I tu dochodzimy do sedna. Życie pokazuje, że nie jest to oczywista sprawa, ale za to bardzo charakterystyczna dla dobrych szefów kuchni. Kiedy jadłam u niego po raz pierwszy w 2017 roku i porównuje to z naszym radosnym obiadkiem ostatnio, to nie widzę różnicy w poziomie. Zawsze wysoki. Zawsze stały. Ta stabilność jest czymś cudownym, bo miejsce szybko staje się pewniakiem. Gdy nie chcesz ryzykować, chcesz mieć pewność, że zjesz dobrze, na dobrym produkcie, że to jedzenie będzie ci służyło, wtedy wybierasz takie właśnie miejsca. Miejsca, które nie poddają się modom. Miejsca, które karmią dobrze zawsze niezależnie od pogody, ciśnienia czy humoru.

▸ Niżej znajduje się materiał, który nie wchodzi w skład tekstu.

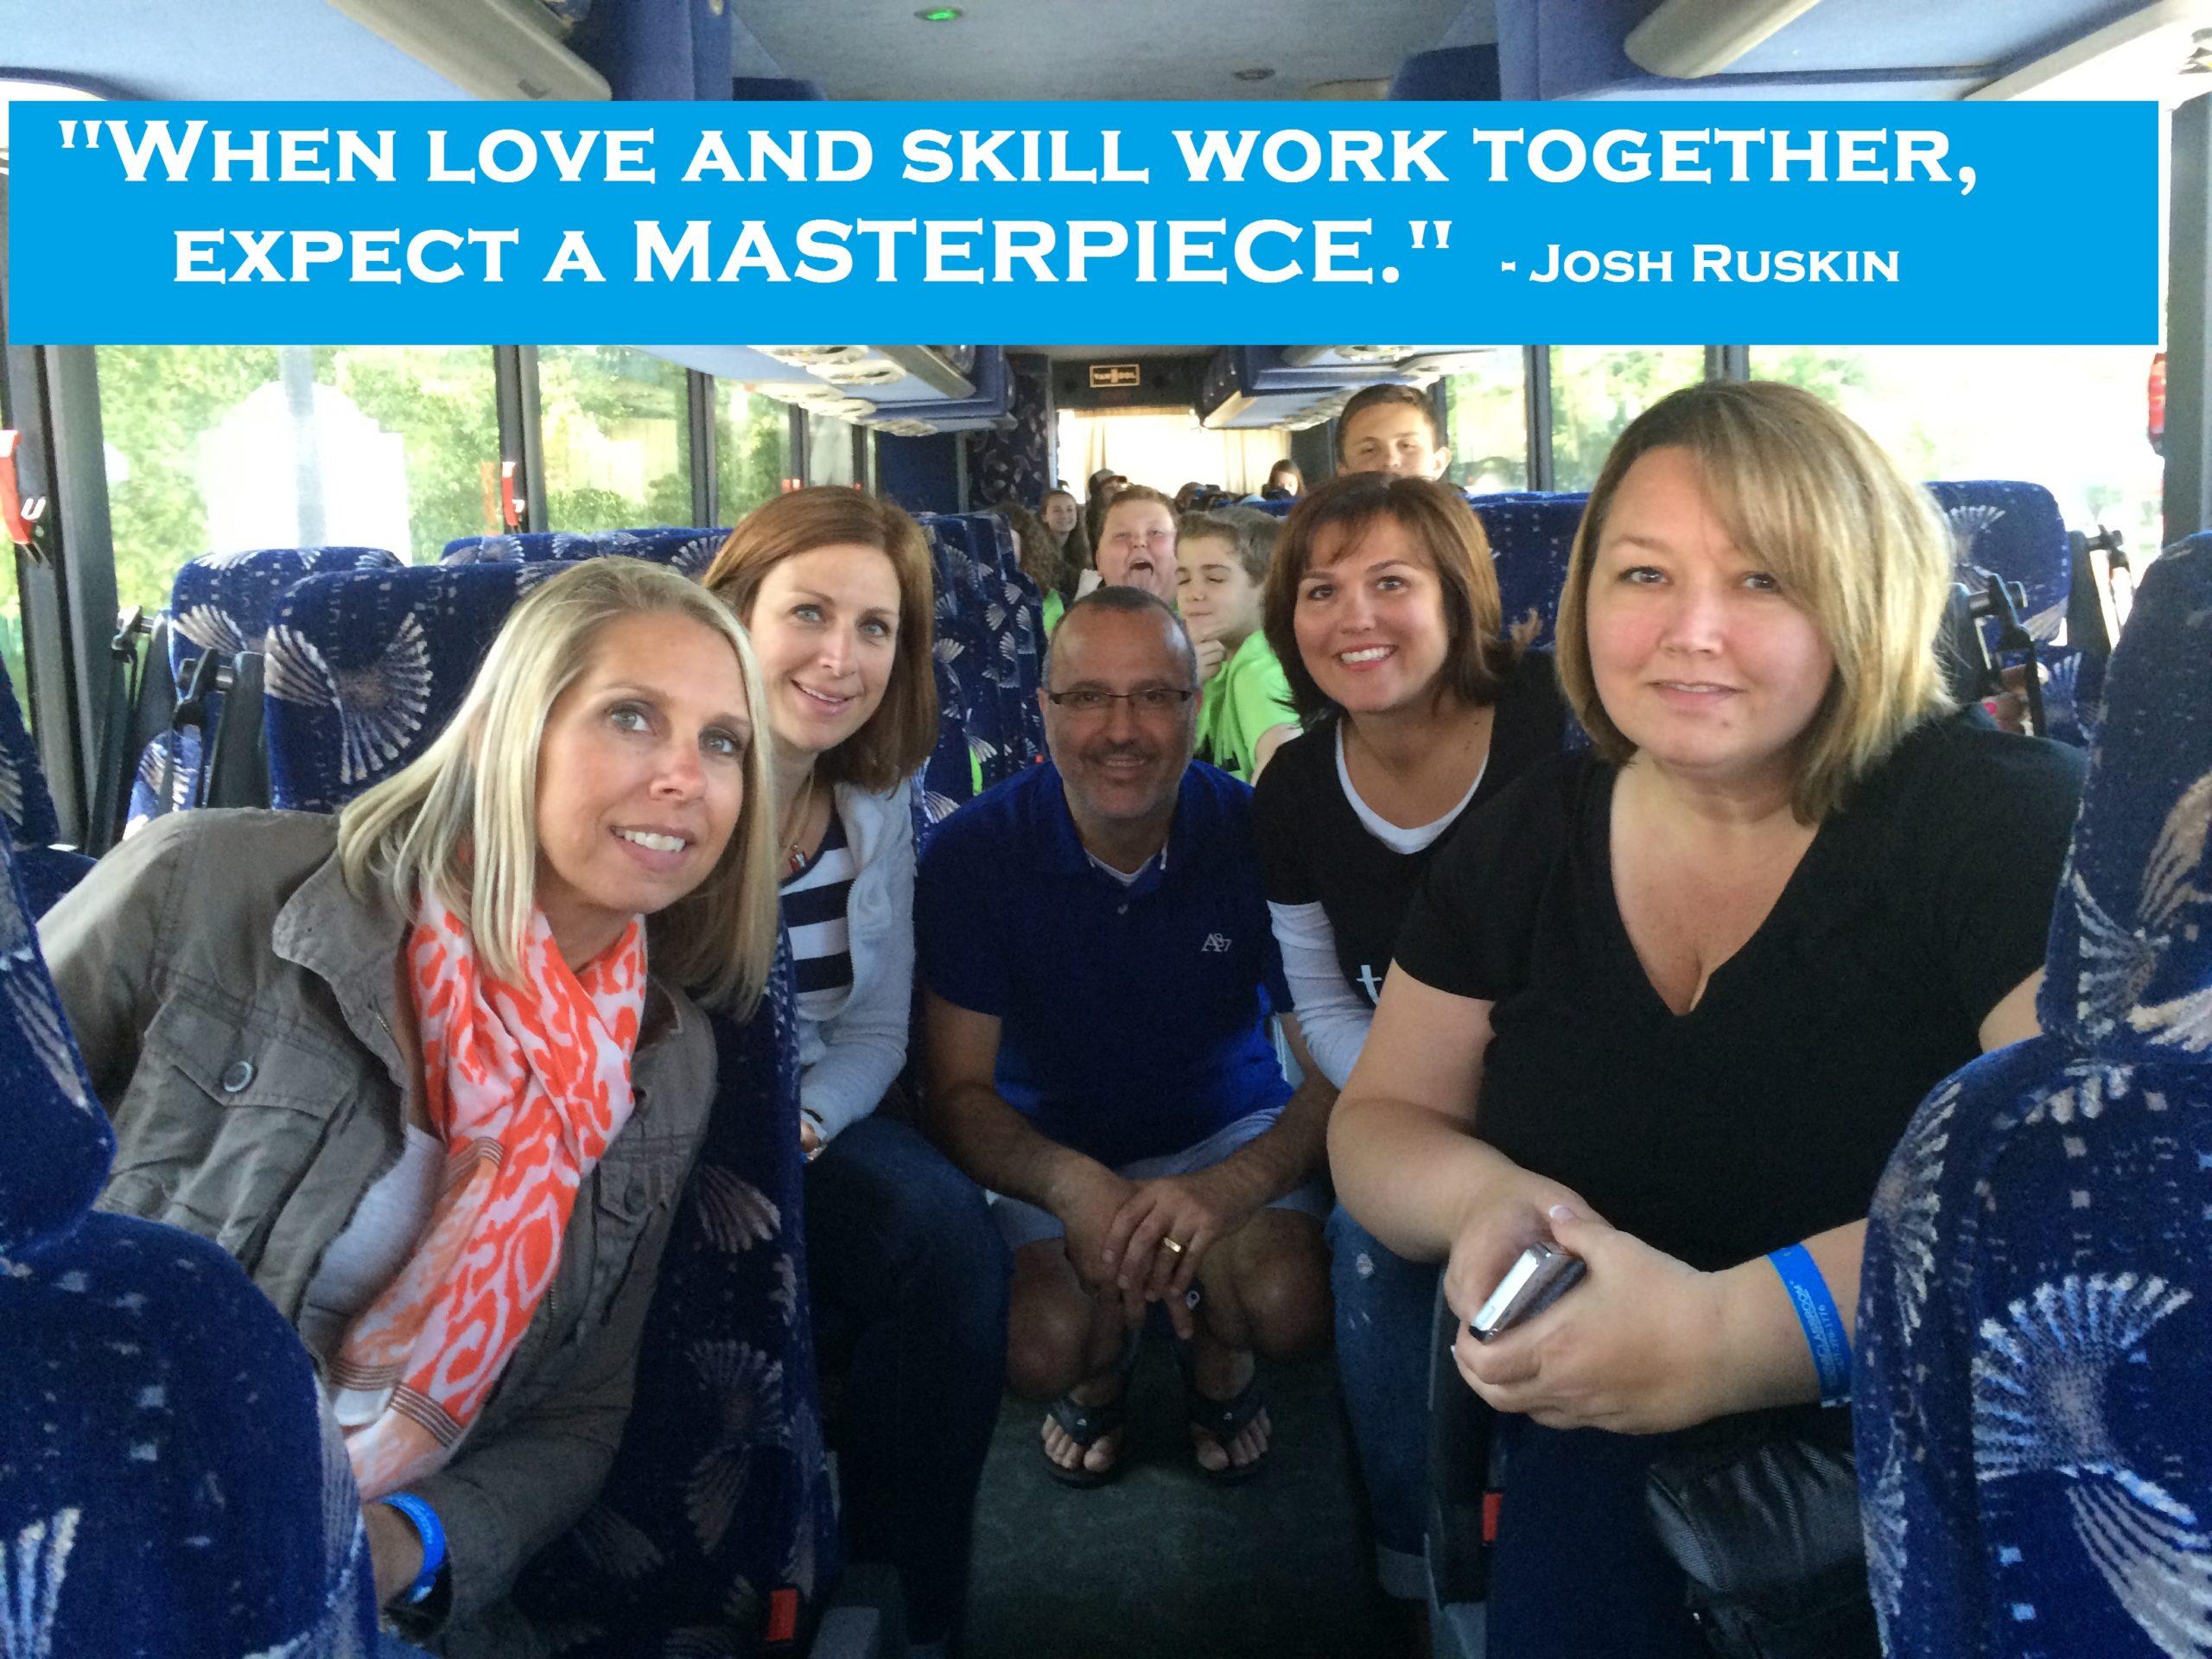 Teachers on a bus

A na koniec nalewka z rokitnika. Matko Boska, co za słodko-kwaśna ambrozja!
Do kompletu dokładamy przyjemne wnętrze, przemiłą, kompetentną obsługę, rodzinną atmosferę. Zero zadęcia, pełen profesjonalizm.
Widzicie, takich knajp wcale nie ma aż tak dużo. Dużo, to jest konceptów, które umierają po dwóch latach, bo moda minęła, bo instagramowe wnętrze się zgrało, bo jedzenie, choćby najpiękniej podane, oparte na produktach Aro to nie jest żaden szał. Wszystkich tych przymiotów, które tu wymieniłam brakuje wielu warszawskim knajpom obecnie uznawanym za modne. Trochę żenada, chłopaki, że w Słupsku mogą stanąć na wysokości zadania, a wy w stolicy nie dajecie rady.
I może właśnie Rafał Niewiarowski posiadł klucz do sukcesu w gastronomii? Bierzcie z niego przykład i nie karmcie ludzi byle czym.
Menu raczej odpowiada na większość potrzeb, bo znajdziecie w nim carpaccio z półgęska, tatara, śledzie po kaszubsku, w sezonie chłodnik, zupę rakową, ale też cepelina nadzianego pieczoną kaczką (to zjem przy najbliższej okazji), pierogi z kurkami, pulpety z jagnięciny, królika w sosie tymiankowym, pstrąga pieczonego z czosnkiem niedźwiedzim i sporo innych pozycji również wege.